■ **Work to be completed**: Retype the lines below exactly, but only those from the line that has "Test batch of waffles" through the line that has "Pair of lounge". Omit every picture.
Information supplied section start
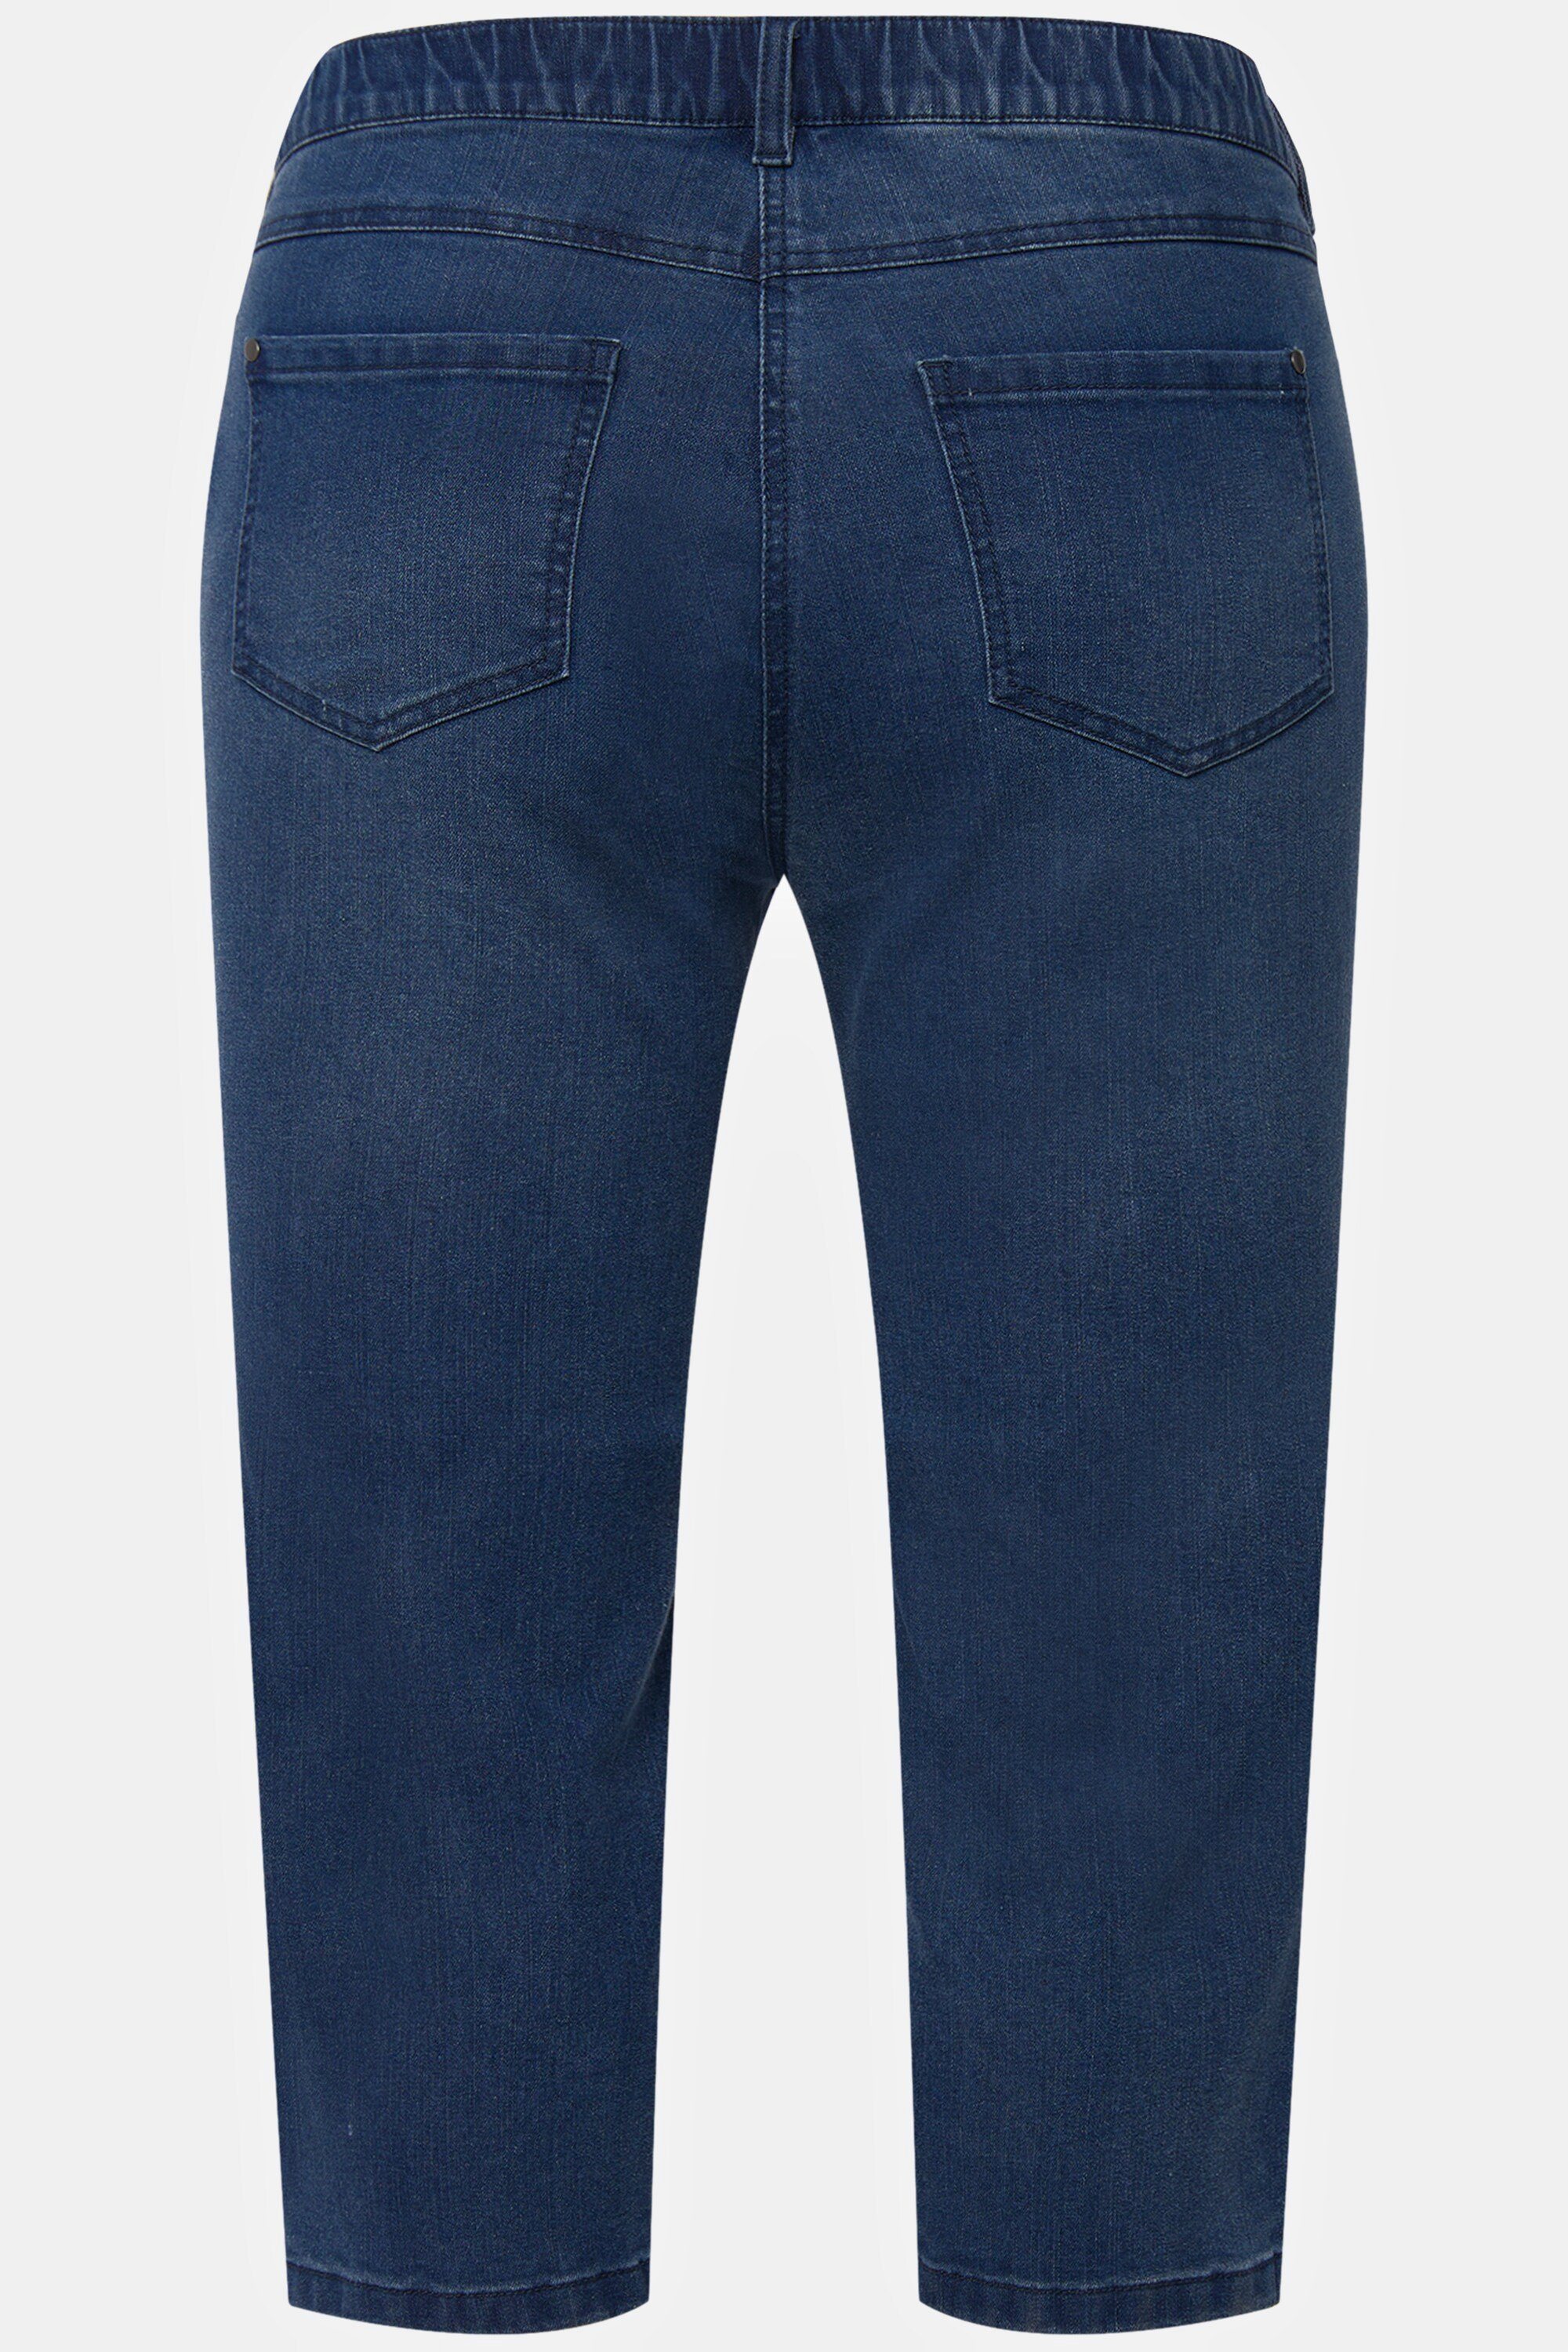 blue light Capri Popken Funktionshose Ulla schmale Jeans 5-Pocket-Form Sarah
Information supplied section end
Information supplied section start
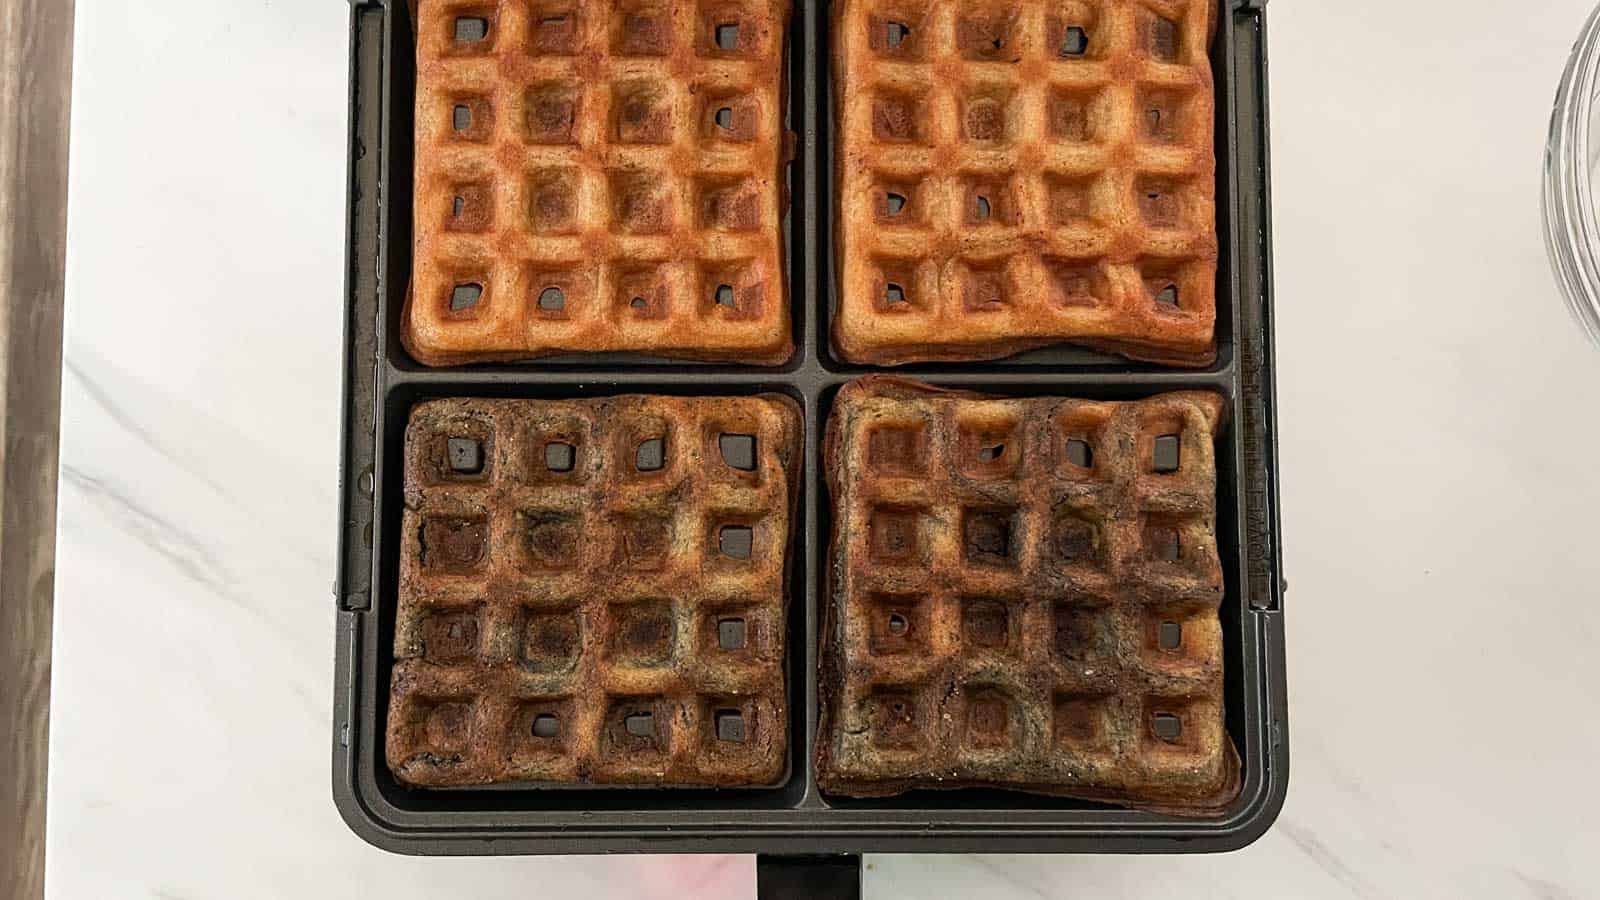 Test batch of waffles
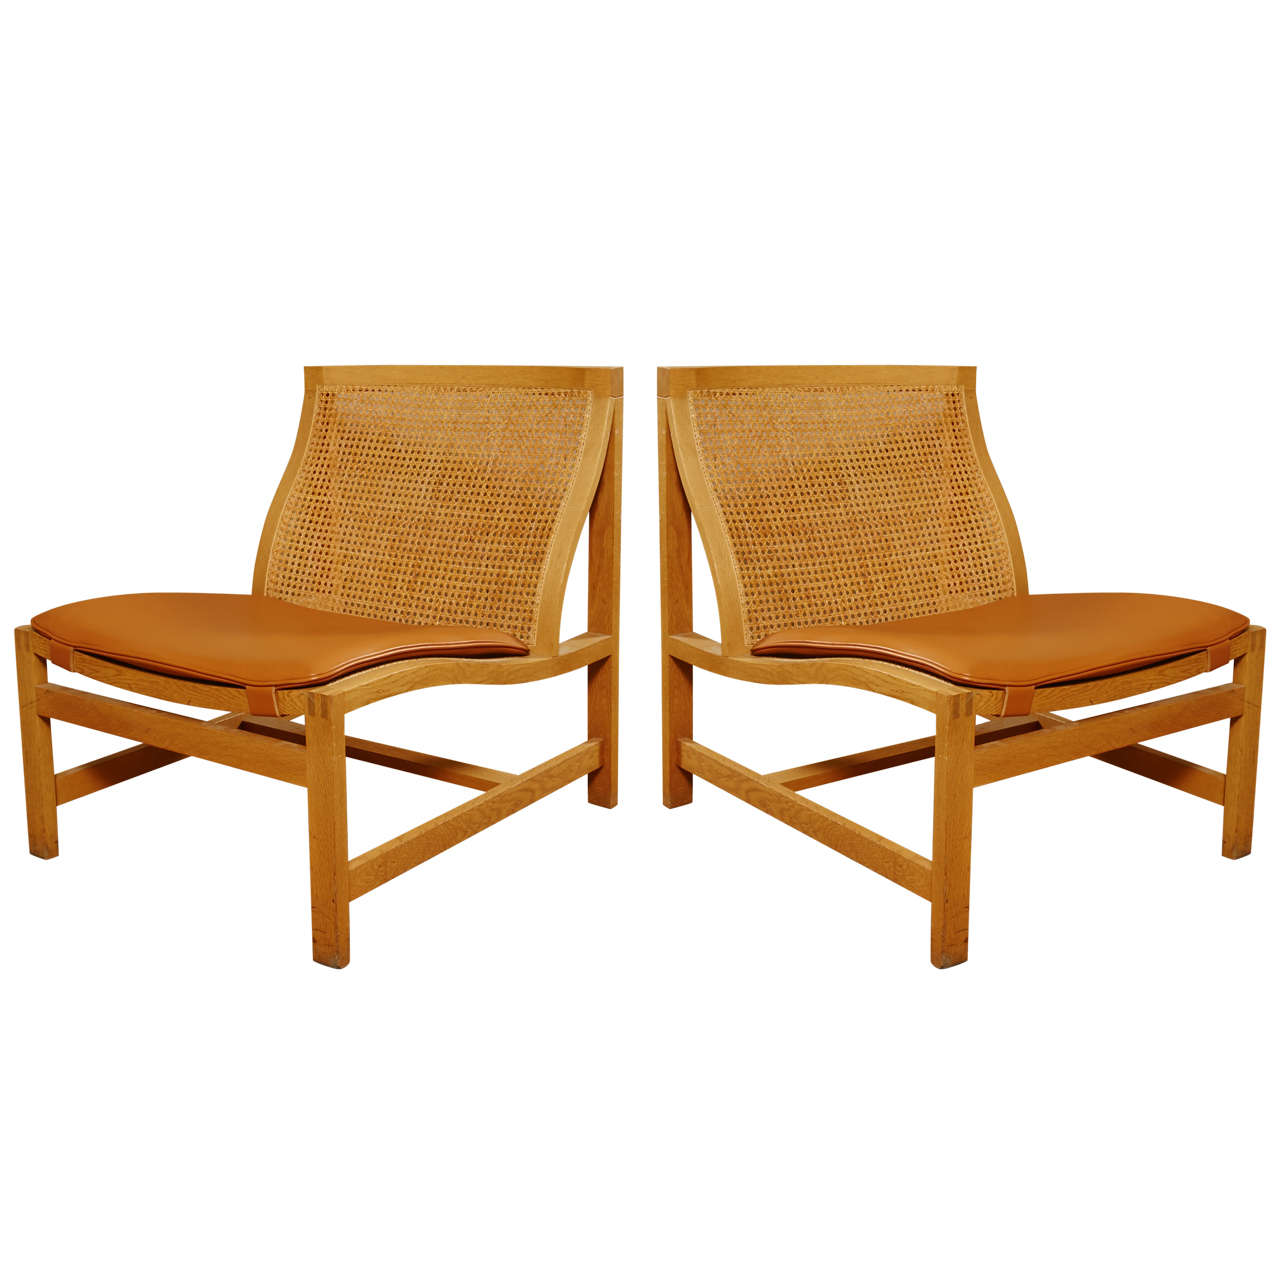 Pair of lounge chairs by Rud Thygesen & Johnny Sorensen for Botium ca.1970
Information supplied section end
■ **Answer below**:
 Test batch of waffles
 Pair of lounge chairs by Rud Thygesen & Johnny Sorensen for Botium ca.1970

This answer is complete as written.